Но мальчик замер на месте, переводя взгляд с талеса на ложки. На каждой ложке были выгравированы две еврейские буквы.
- Чего зенки вылупил? - заорала на него Фекла. - Украсть собираешься? Знай, если хоть одной штуки не хватит, шкуру с тебя сдеру!
Вдруг у нее возникло иное подозрение: глаза мальчика были прикованы к еврейским буквам. Помолчав немного, спросила:
- Чего ты так испугался жидовских букв, а?
Лишь теперь Шмулик очнулся и почувствовал, что он находится на краю пропасти.
Усмехнувшись, он сказал:
- В жизни я никогда не видел таких шелковых скатертей и серебряной посуды. У нас в России таких нету. Они действительно серебряные?
На лице Феклы разлилась широкая самодовольная улыбка, и она с гордостью ответила:
- А что у вас там есть в России? Одни колхозы и больше ничего.
- И все это ваше? Ни в одном доме не видел таких красивых вещей.
Явное восхищение мальчика польстило Фекле. Ее подозрение улетучилось.
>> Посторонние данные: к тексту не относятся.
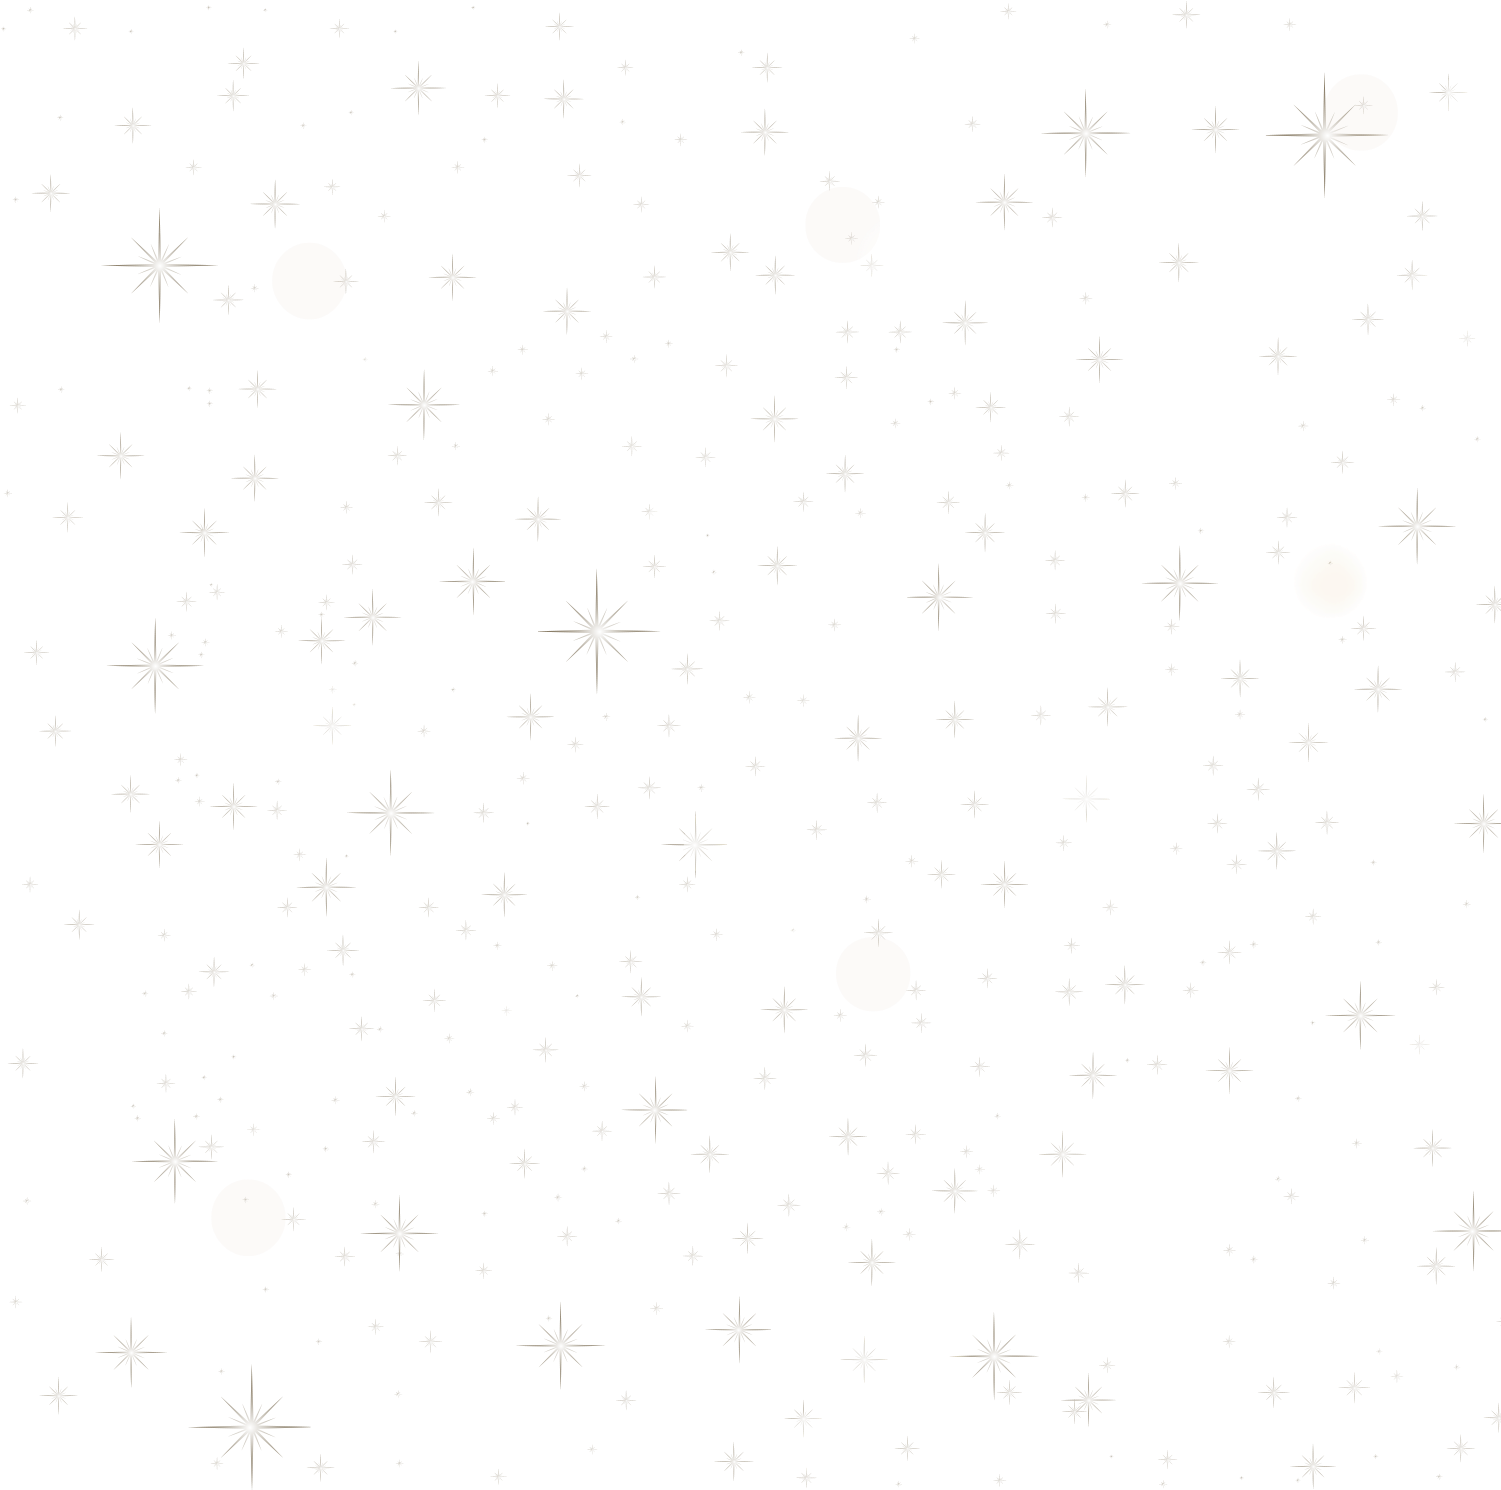 A Black Background With White Circles And Stars

- У кого есть голова на плечах, тот все получит. У немцев можно достать самые дорогие вещи, которые раньше бывали только в жидовских домах. Нужно только знать, как с немцем обращаться.
- Должно быть, хозяин ваш молодец и умный человек, если сумел достать все это, - показал Шмулик на накрытый стол.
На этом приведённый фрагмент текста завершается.